Books for the Fall 2007 semester

It’s that time of the summer again, when classes loom all too near, and enthusiastic students start asking for the reading ahead of time so that they can both find the books from a cheaper source than our bookstore and get a jump on the material. So to handle all those requests at once, here is a list of my fall term classes:

  • If you’re an incoming freshman biology major, you’ll be taking Biology 1111, Fundamentals of Genetics, Evolution, and Development (FunGenEvoDevo, for short), either in the fall or the spring term. This course is primarily a qualitative introduction to the basic concepts of the scientific method which will also give you an overview of the fields described in the title. It has two textbooks, but you’ll also be getting some assigned readings from the scientific literature as the term goes on.

    • Science as a Way of Knowing: The Foundations of Modern Biology(amzn/b&n/abe/pwll), by John A. Moore. This is the primary required text for the course; you may be surprised when you read it, since it doesn’t fit the usual expectations of an introductory biology textbook. We did tell you this was a liberal arts university when you enrolled, though, didn’t we?

    • Life: The Science of Biology(amzn/b&n/abe/pwll), by David Sadava, H. Craig Heller , Gordon H. Orians, William K. Purves, David M. Hillis. This book is optional, but highly recommended, and will be used as a reference text throughout the course. You can get by using the copies in the reference section of the library, but since this book will also be used in our required biodiversity and cell biology courses, you might as well bite the expensive bullet and get a copy now. The links above are to the 8th and latest edition; it’s fine to use the 7th edition.

  • A smaller number of more advanced students may be taking Biology 4003, Neurobiology. This course will be taught rather more socratically than your usual lecture course, so be prepared for more external readings (and you can also propose your own interests), but there will be one reference text and a couple of general books on the subject that we’ll be reading together.

    • Neurobiology: Molecules, Cells and Systems (amzn/b&n/abe/pwll), by Gary G. Matthews. This is a traditional neuroscience textbooks — you aren’t escaping this term without knowing the Goldman equation and a little anatomy and pharmacology.

    • Time, Love, Memory: A Great Biologist and His Quest for the Origins of Behavior(amzn/b&n/abe/pwll), by Jonathan Weiner. Why should we care about neuroscience? This book will help you figure it out, and it’s excellent description of the research enterprise might nudge a few of you towards grad school (or scare you off, but either outcome is good.)

    • Soul Made Flesh: The Discovery of the Brain—and How it Changed the World(amzn/b&n/abe/pwll), by Carl Zimmer. We’ve got to at least touch on the history of the field, and this book will give you an fine overview of what people have been thinking about that blob of goo resting in your cranium. Those students planning on med school will also find the perspective here useful.
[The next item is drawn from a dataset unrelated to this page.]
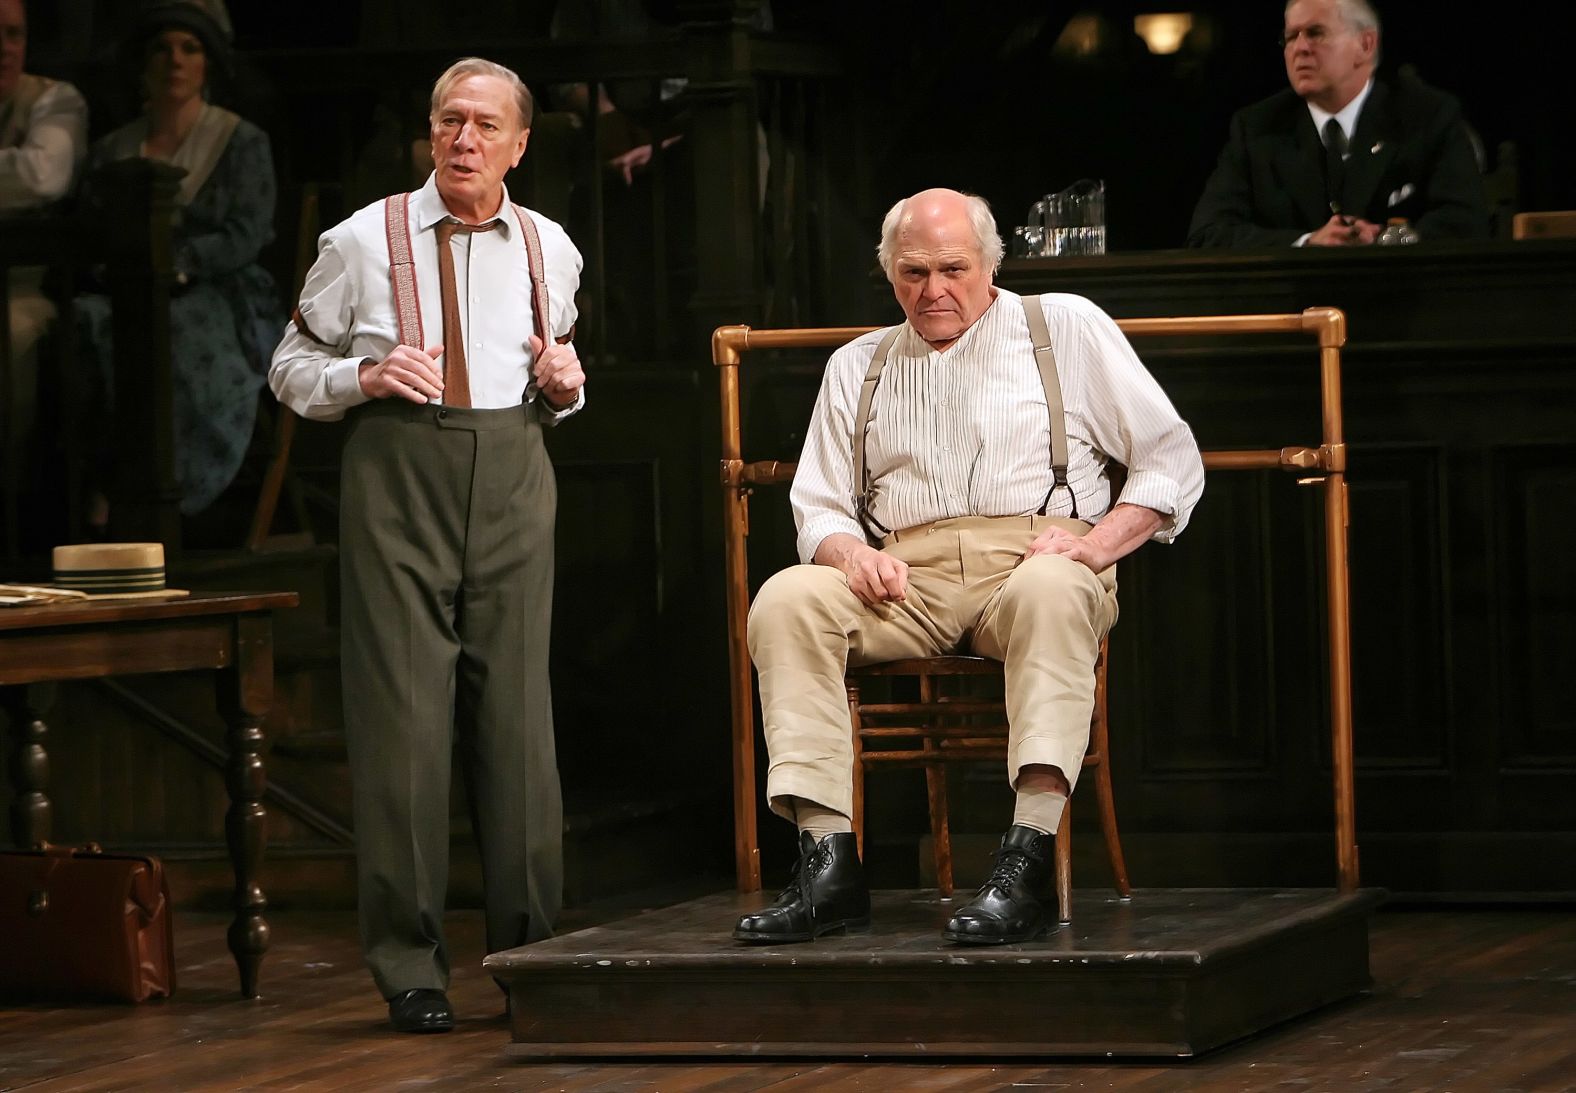 Plummer and Brian Dennehy appear on stage together in the 2007 Broadway production of "Inherit the Wind."

Feel free to order them ahead of time. Be sure to have them by the first week of classes, though … I tend to plunge in right away with a stack of assignments on the first day!


  1. #1 MAJeff
    August 8, 2007

    We also get requests from the bookstore to list our fall term books at the end of spring term, so we all definitely do know which books we’ll be using well before orientation.

    Some of us know. On the adjunct level, you can never be sure. I picked up a new class three weeks ago (but the nice thing is I may actually be benefits eligible this year). I placed my book orders this week, and I don’t think I’m the last in the department to do so.